Problem statement: What is needed here is an exact printout of the data, with no pictures included.

Data extract section start

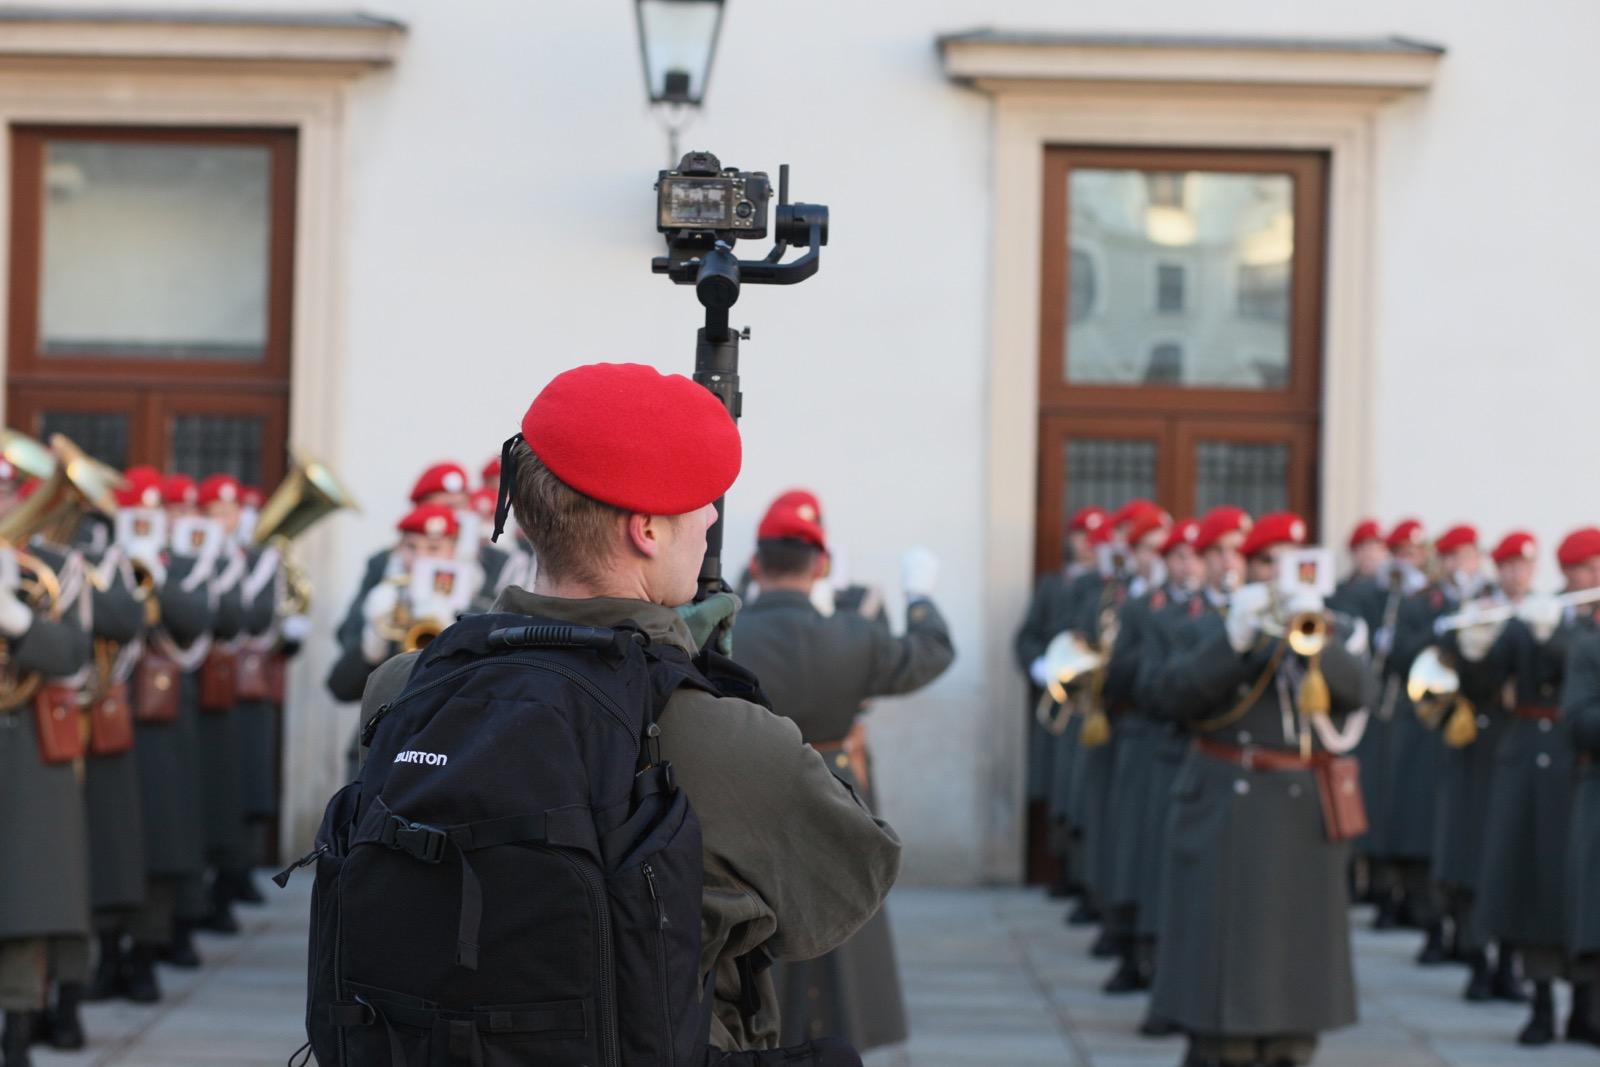 2019_01_11_1Gardekompanie_HBP_SUI_Präsident_Schweiz_Burghof - 17 of 36
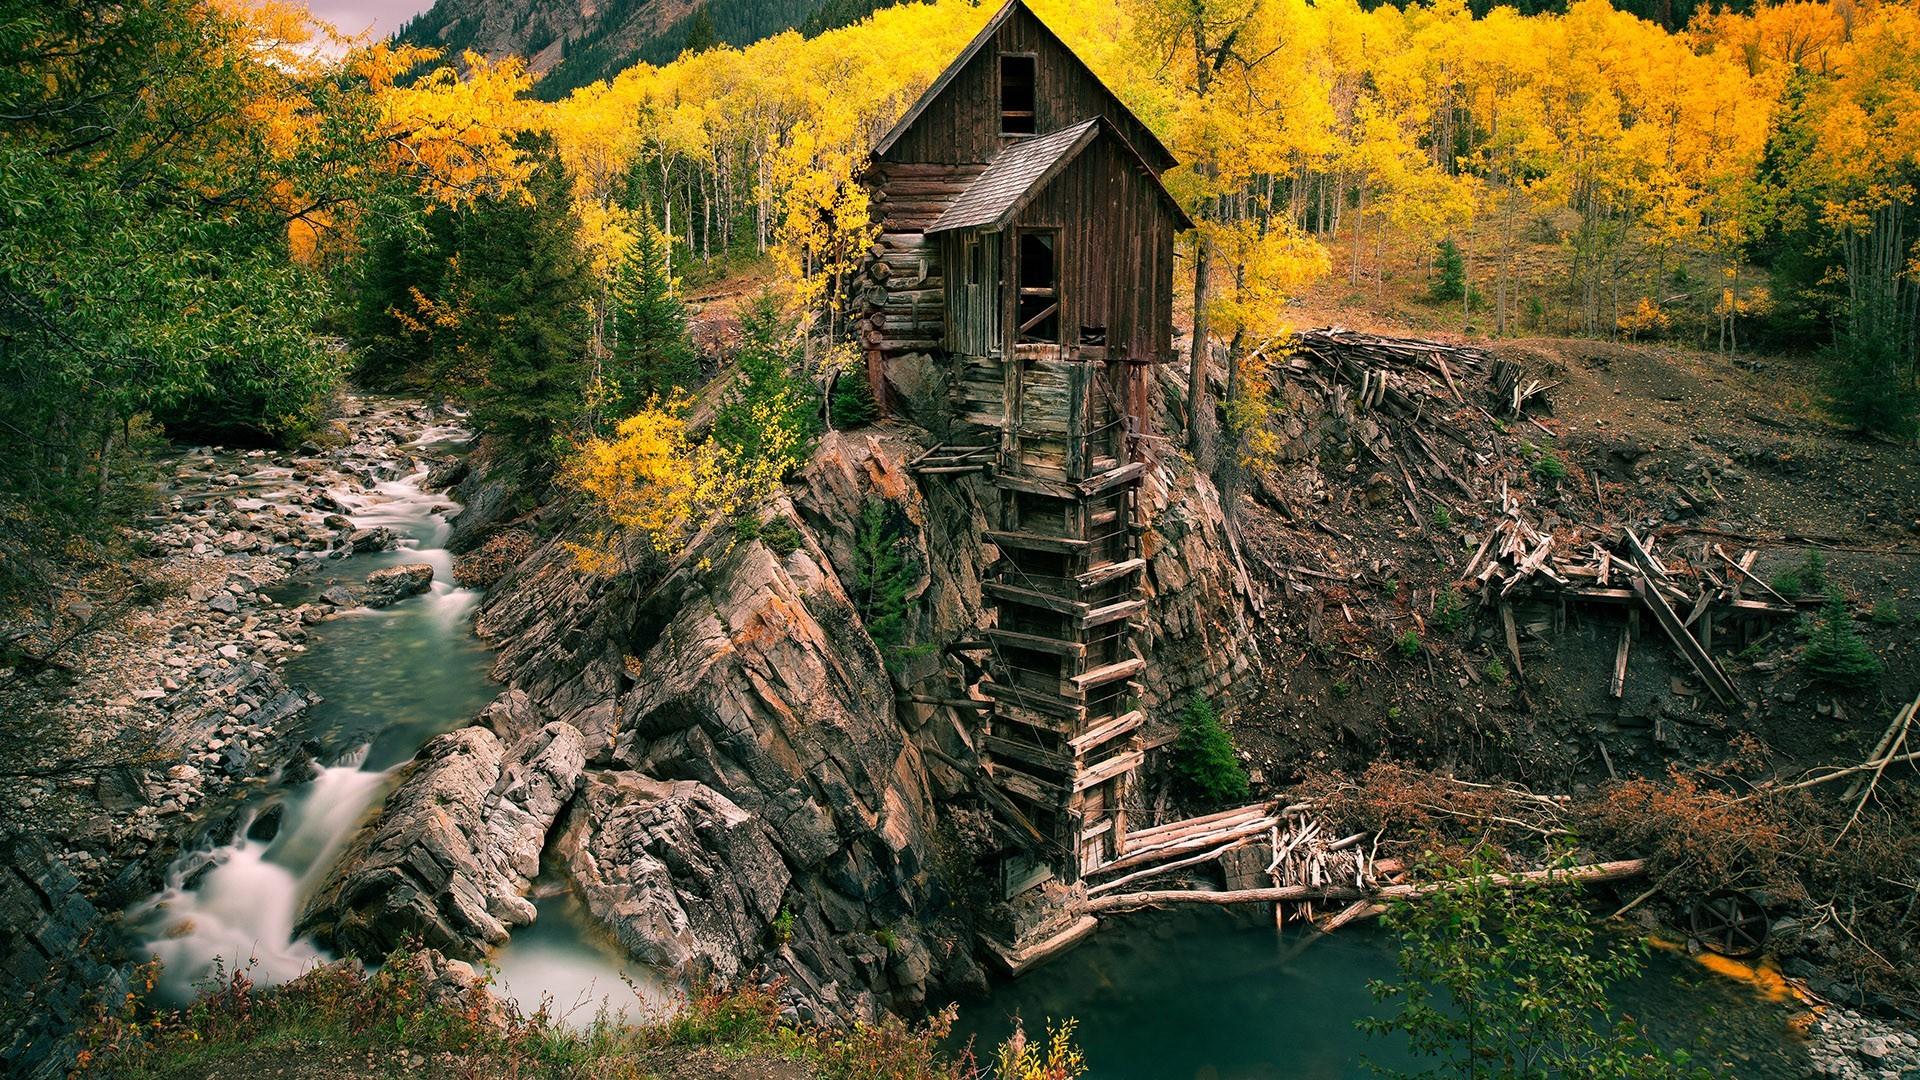 Wallpaper : landscape, forest, garden, nature, reflection, field ...
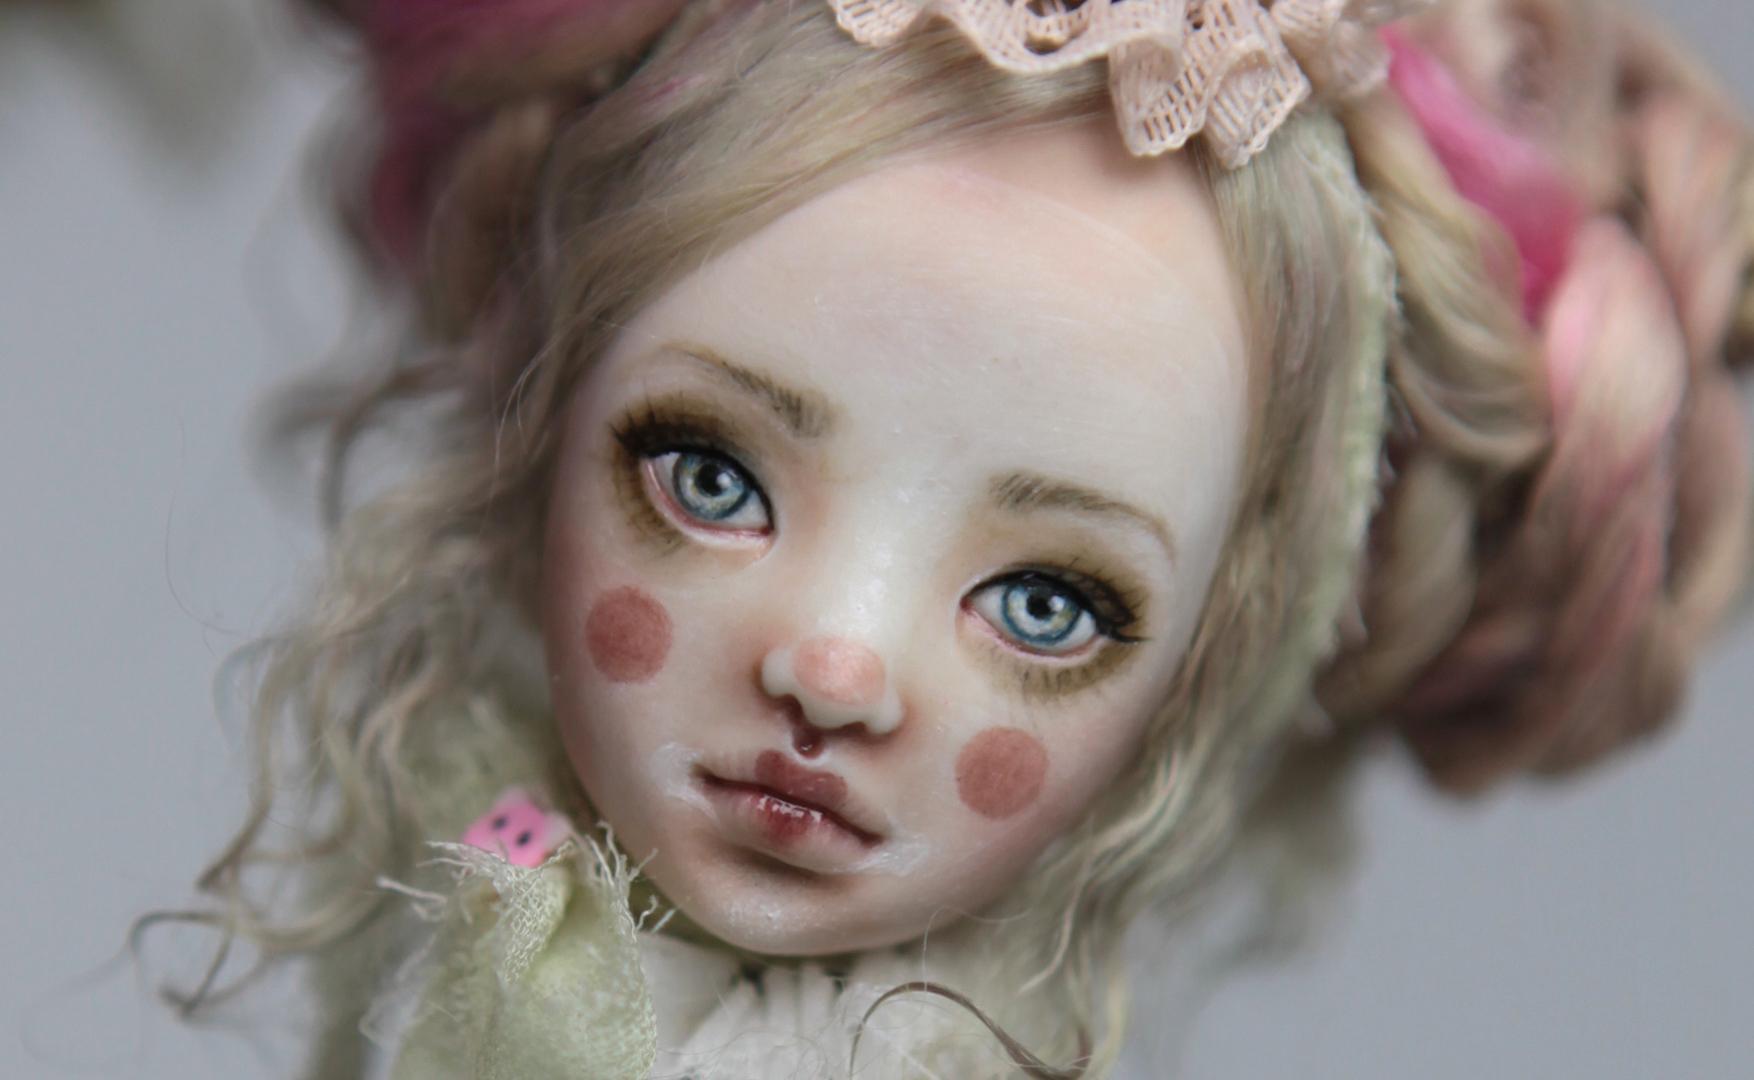 IMG 8551a 15 Victorian Roadside Circus Clown Porcelain BJD Maya

Data extract section end

The answer:
 2019_01_11_1Gardekompanie_HBP_SUI_Präsident_Schweiz_Burghof - 17 of 36
 Wallpaper : landscape, forest, garden, nature, reflection, field ...
 IMG 8551a 15 Victorian Roadside Circus Clown Porcelain BJD Maya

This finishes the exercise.